Sheri & Robert

I am at last free in Christ. True joy as I have never known has been bestowed upon my family and myself by the grace of God. My husband Robert and I were born into the sect of Jehovahs Witnesses. We both believed and preached Watchtower dogma for a combination of seventy years. We never knew of any other teachings outside of the Watchtower because one of their main instructions is to never read any critical literature against JWs or to watch any programs by ex-members as this would be faith debilitating.

Only a person who has been part of a cult can understand the extent of mind control employed on its members. JWs are kept so impossibly busy with five meetings per week, preparing ahead to participate in those meetings, engaging in door-to-door preaching work, (holding a secular job, raising a family, and caring for a household) puts one on a never ceasing works treadmill. The Watchtower teaches that we must work out our own salvation mainly through the door-to-door preaching work. JWs describe living in the flesh forever on paradise earth and recruit new members through Bible study.

When I was a small child, I asked my Witness mother if I could pray to Jesus. I knew he had died for us, and I wanted to thank him. I was told that we are not supposed to talk to Jesus. I wondered why, if we close our prayer in Jesus name, cant he hear our prayers anyway? Well then why cant we just go ahead and speak to him directly? The answer, We just dont do it that way.

For most of my life I have had questions about many Watchtower explanations and mandates regarding every aspect of our lives. One thing every JW knows in his heart, even if they dont openly admit it, is that there is never any real discussion of our beliefs. We can discuss various Watchtower points or comment happily on the newest flashes of light from the Watchtower Societys publications only with total agreement. Any examination must culminate in hearty acknowledgment that our mother organization is the only path between God and man. If there is something we dont understand or agree with, we are told to be modest and not run ahead of the organization and to exercise faith in Gods faithful and discreet slave who is dispensing spiritual food at the proper time. This tactic very effectively leads one to swallow without question all instructions and decisions handed down from the Watchtower.
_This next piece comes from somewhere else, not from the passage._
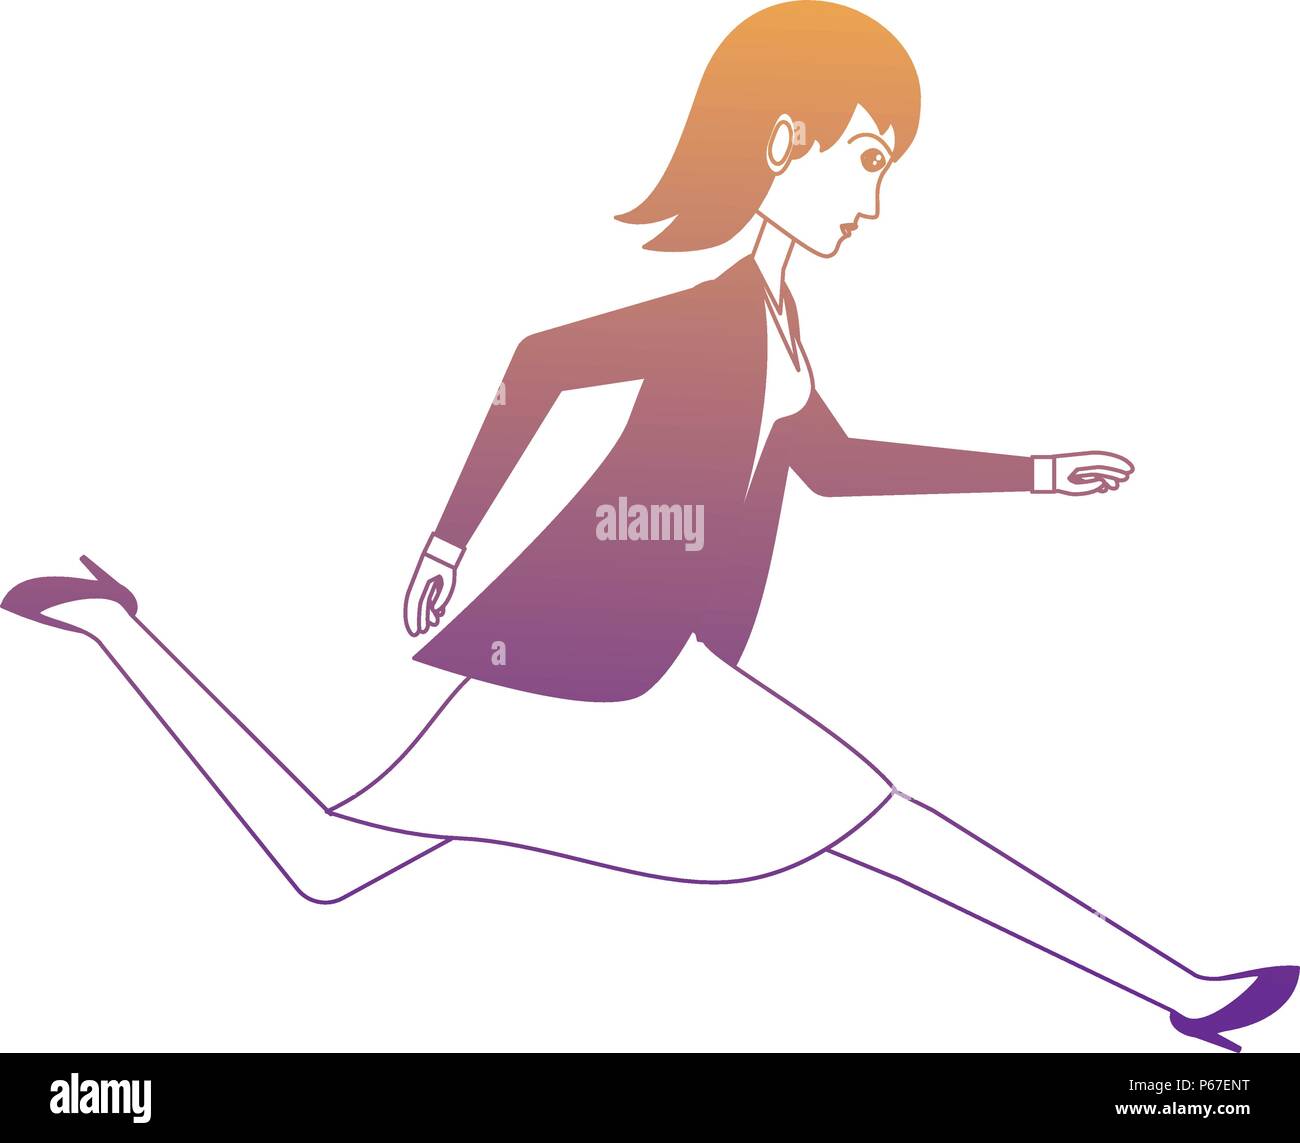 Cartoon Businesswoman Running Over White Background Vector Illustration Stock Vector Art Illustration Vector Image 210377604 Alamy alamy

For a Witness to allow questions or doubts to form in their minds goes directly against the constant admonition to guard against independent thinking. Any Witness who dares to entertain any concept outside of Watchtower teachings (even though they may change in the future) is plunged into pervasive agony. Fear and guilt has been inculcated into every Witness, convincing him that he is not good or faithful enough to be a servant of Jehovahs Organization. A Witness does one of two things:

(1) He obliterates forbidden thoughts through denial of facts and self, while maintaining a robotic loyalty to the Watchtower organization, equating obedience to it with obedience to God. Any residual apprehension regarding misinformation and failed prophecies are overlooked and accepted as the result of mere mistakes made by imperfect but well-meaning men who are still Gods channel.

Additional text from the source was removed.